"Por meio de seu invento a pessoa mais ignorante poderia, por um preço módico e
pouco esforço, escrever tratados de filosofia" (Swift, Viagens de Gulliver)
Alexandre Gomes
Há algum tempo eu e o colega Cirilo Braga criamos um personagem que fez uma curta mas
brilhante carreira como articulista em São Carlos e andou até pela Internet: Ivonney
Penna. Os artigos escritos a quatro mãos tinham a característica de nunca dizerem nada,
mas transmitiam esta mensagem com muito estilo em frases pomposas repletas de
lugares-comuns escolhidos a dedo.
Analisando a globalização por exemplo, tema que jamais pdoeria faltar na agenda do
Ivonei, o nosso articulista à guisa de conclusão do longo artigo perguntava: "mas
será a globalização realmente globalizante ou paenas globalizadora?".
Com o passar do tempo começamos a reparar que o Yvonei (nunca se chegou a um acordo sobre
a grafia do nome) não só era um personagem da vida real como até costumava fazer
sucesso nos mais diversos séculos, em especial na Academia. Quase todo dia encontrávamos
artigos, teses e comentários que só poderiam ter sido feitos pelo nosso personagem.
Um dos últimos artigos, dedicados a analisar o desemprego foi até feito não de frases
que bolamos, mas da colagem de trechos de artigos e entrevistas de personalidades
políticas, acadêmicas e sindicais sobre o assunto.

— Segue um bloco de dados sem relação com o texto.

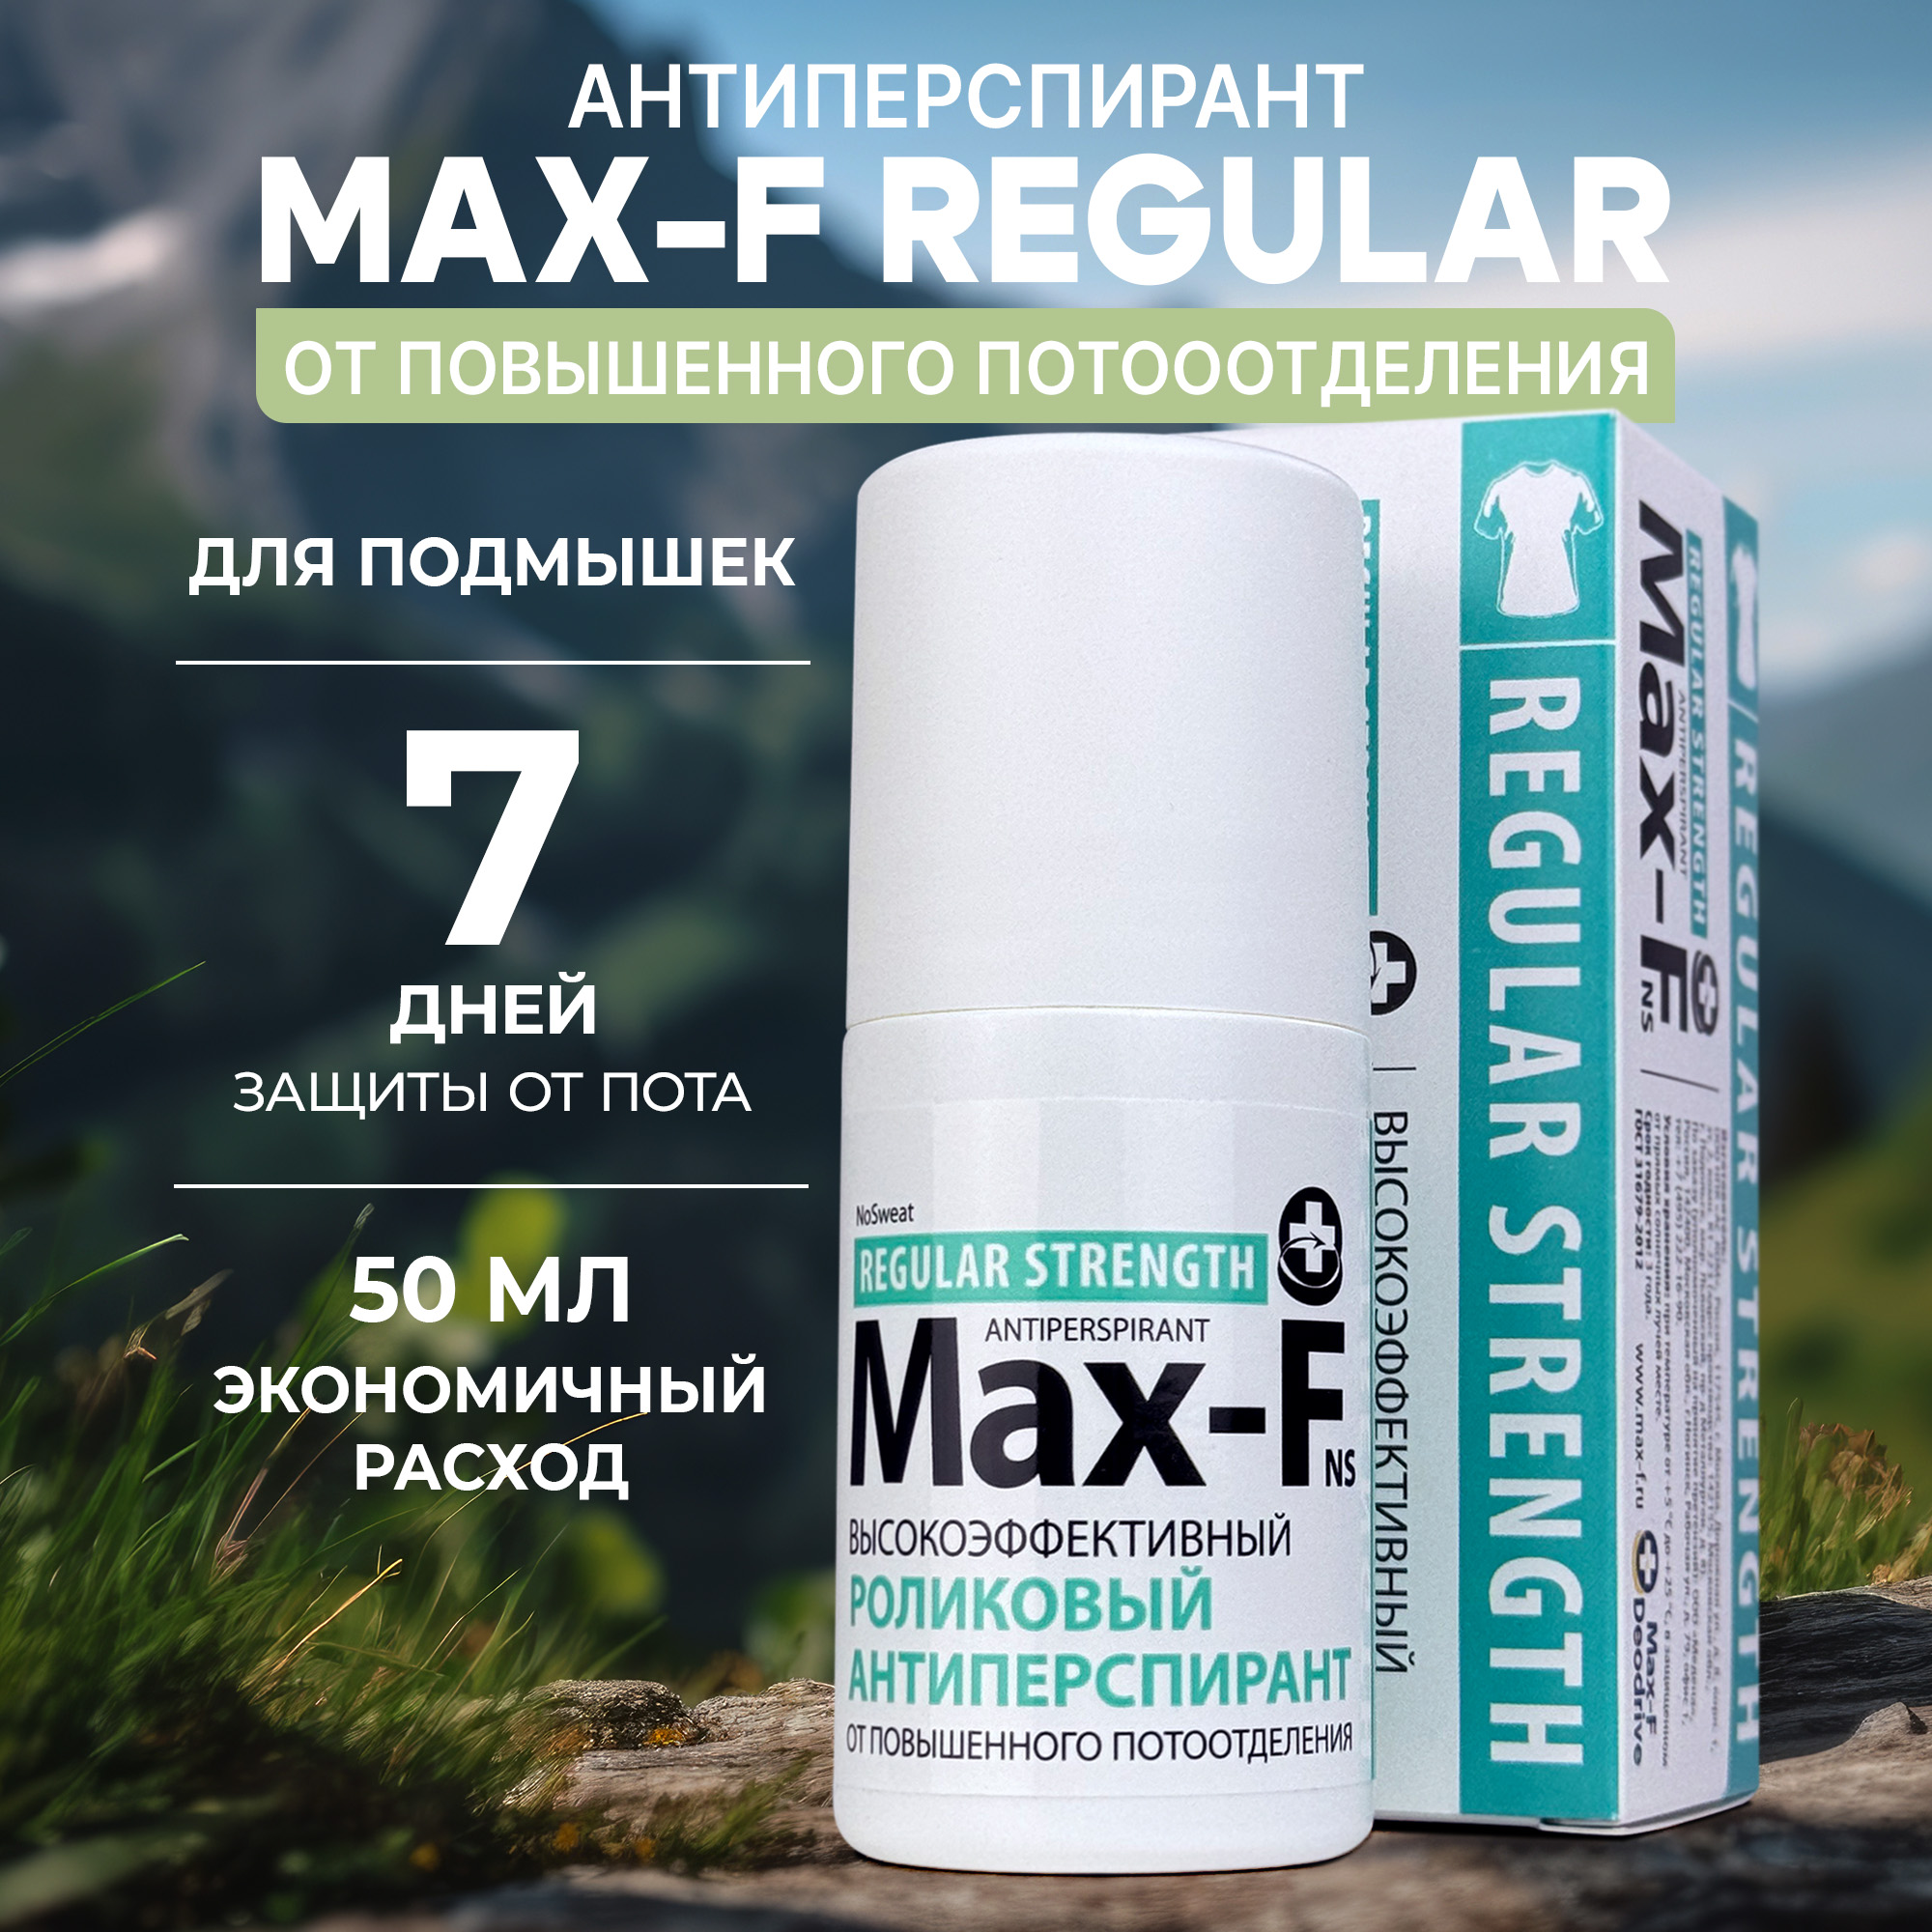 Антиперспирант Max-F NoSweat 15% от пота и запаха для подмышек прокладки для подмышек от пота стоп агент белые с ионами серебра 20 шт

Com raríssimas, porém honrosas, exceções a crítica literária resume-se a transformar
obras de arte escritas com imaginação e esmero em um amontoado de observações chatas e
tergiversações em geral implausíveis. E em geral a obscuridades dos textos serve como
manto a encobrir a obscuridade das idéias. Em um país onde grassa a ignorância e o
bacharelismo Ivonei e seus clones mentais não podiam deixar de fazer sucesso.

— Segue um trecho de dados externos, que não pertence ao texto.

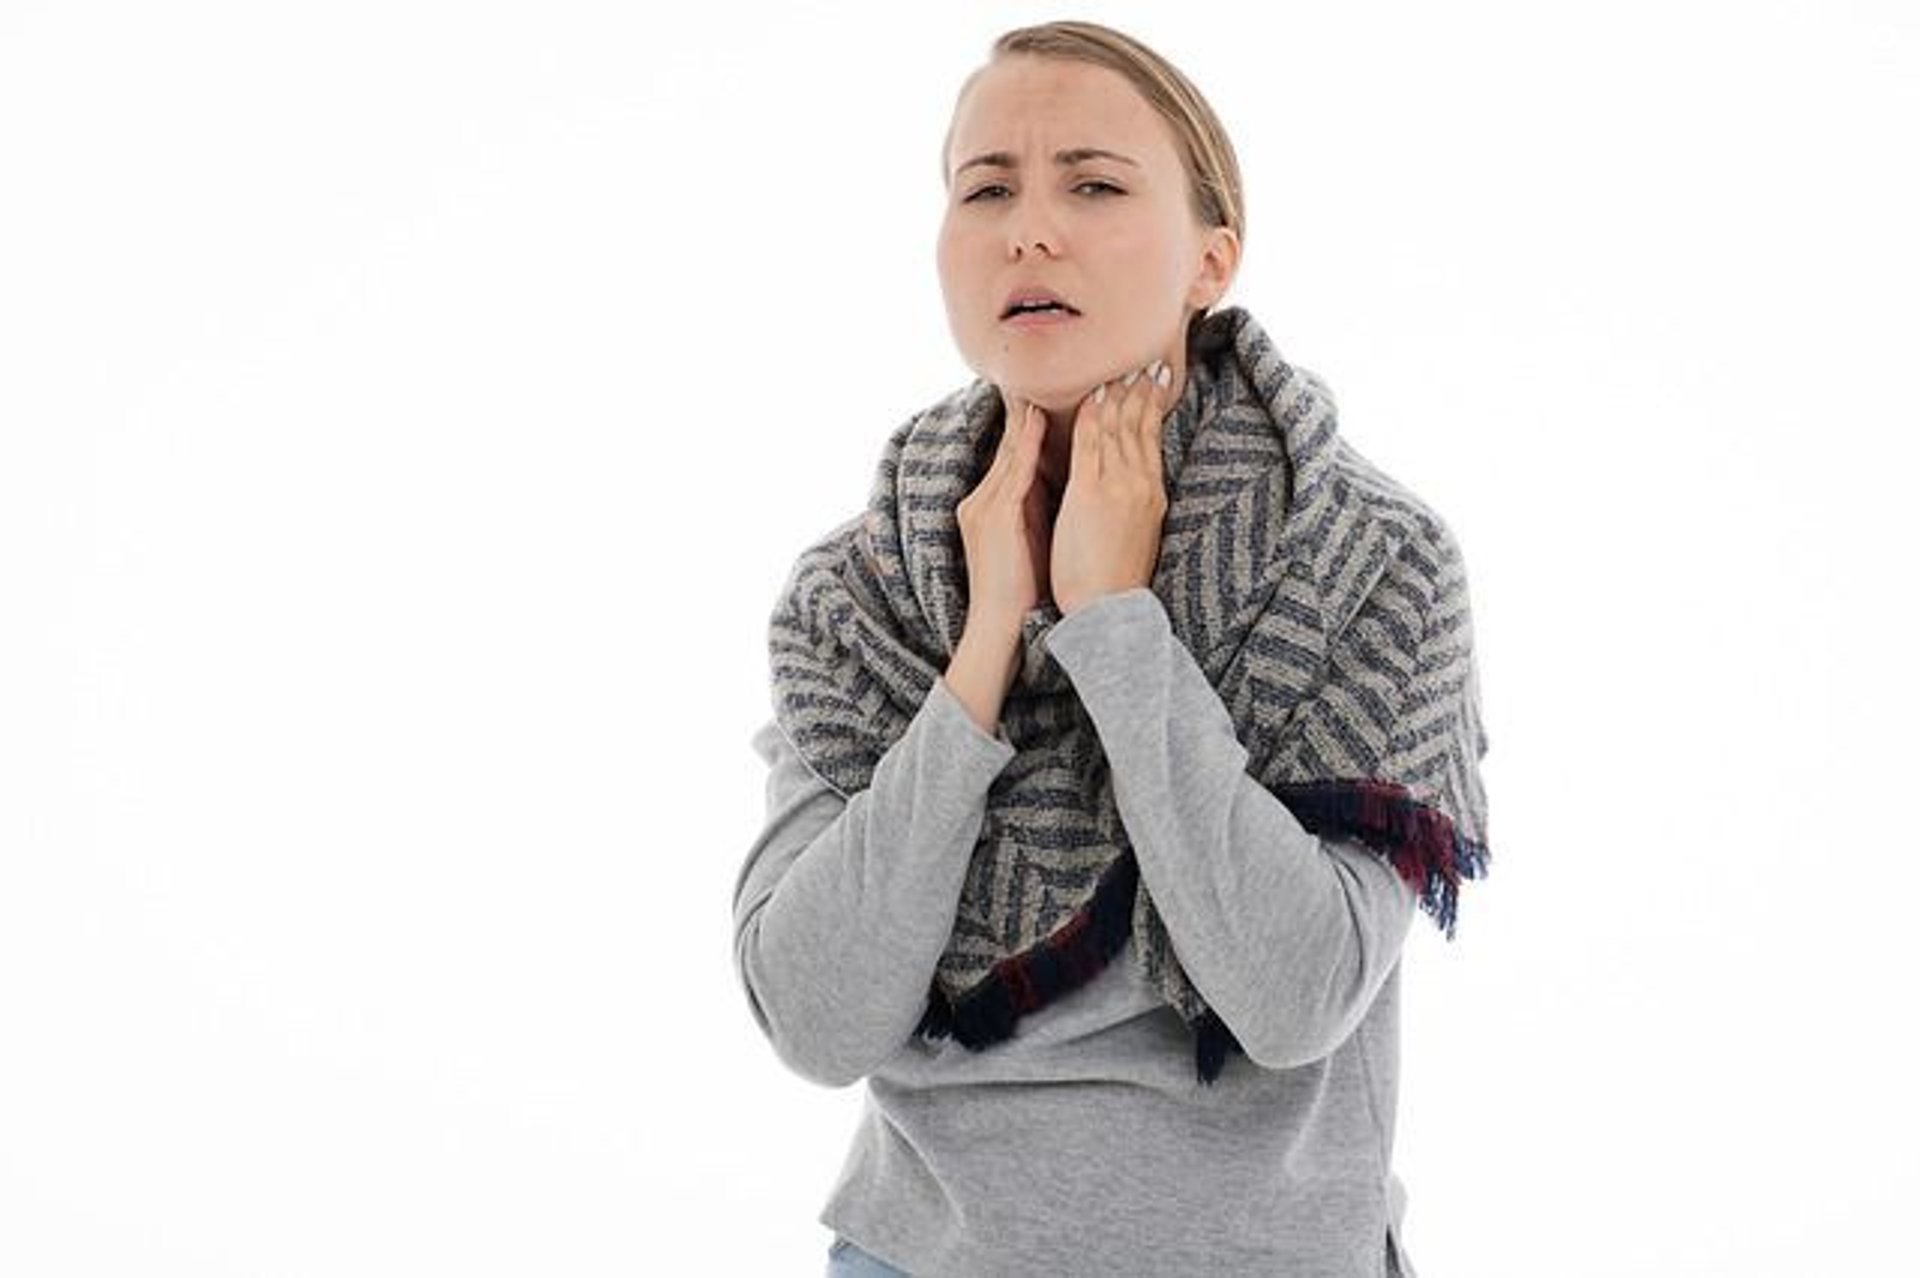 Ból gardła – przyczyny i leczenie infekcji gardła. Domowe sposoby na ból gardła

O impostor intelectual prospera porque muito poucos sabem realmente alguma coisa sobre o
que ele está falando, mas ninguém quer mostrar a ignorância e então disfarçam a falta
de cultura com uma expressão de concordância como os personagens provincianos de Balzac
que tentam ostentar um estilo "da corte".
Mas há um tipo mais sofisticado e pernicioso de impostor nesta área, aquele que tenta
transformar a imaginação em uma estatística qualquer para assim embromar melhor
retirando da literatura a imaginação. Eu diria que qualquer um pode ser um profissional
médio numa das ciências ditas exatas ou técnicas - evidente que um cientista de renome
só poderá sair de poucos - porque basta que se aprenda a lidar com alguns mecanismos
matemáticos.
Já na área de humanidades isto é diferente - apesar de todos os esforços para que seja
igual. Um cuidadoso estudo sobre como escrever não é capaz de produzir um escritor, por
mais vontade que o indivíduo tenha. No máximo produzirá um bom leitor a quem a cultura
adquirida dará algum brilho.
Mas Não foram poucos que tentaram reduzir a literatura ao mesmo estágio burocrático e
tecnocrático. Um bom exemplo é o teórico russo Vladimir Propp, que já fez furor em
décadas passadas com o seu "Morfologia do Conto Maravilhoso". A intenção de
Propp ao escrever o texto em 1928 é doentia: transformar uma centena de contos
folclóricos russos em meia dúzia de equaçÕes matemáticas.
A pretensão de rebaixar a cultura ao nível da técnica é evidente e até expressa
claramente na introdução da obra: "Enquanto as ciências fisico-matemáticas
possuem uma classificaçào harmoniosa, uma terminologia unificada e que é adotada em
congressos especializados, um método aperfeiçoado por gerações e gerações de
mestres, entre nós nada disto existe".
Dane-se a imaginação, a diversidade que tanto faz sentido nos relatos, o improtante é
que se tenha uma fórmula conveniente para organizar nossos Congressos, é isto que Propp
diz numa linguagem mais clara.
Ao longo do texto Propp vai disseando os contos, fazendo a autópsia da imaginação para
ao final chegar às pretendidas fórmulas que ele arrogantemente apresenta como o
supra-sumo do esforço. Felizmente o autor foi atropelado pela história porque o
positivismo que o inspirou já era ultrapadsado quando ele começou a escrever.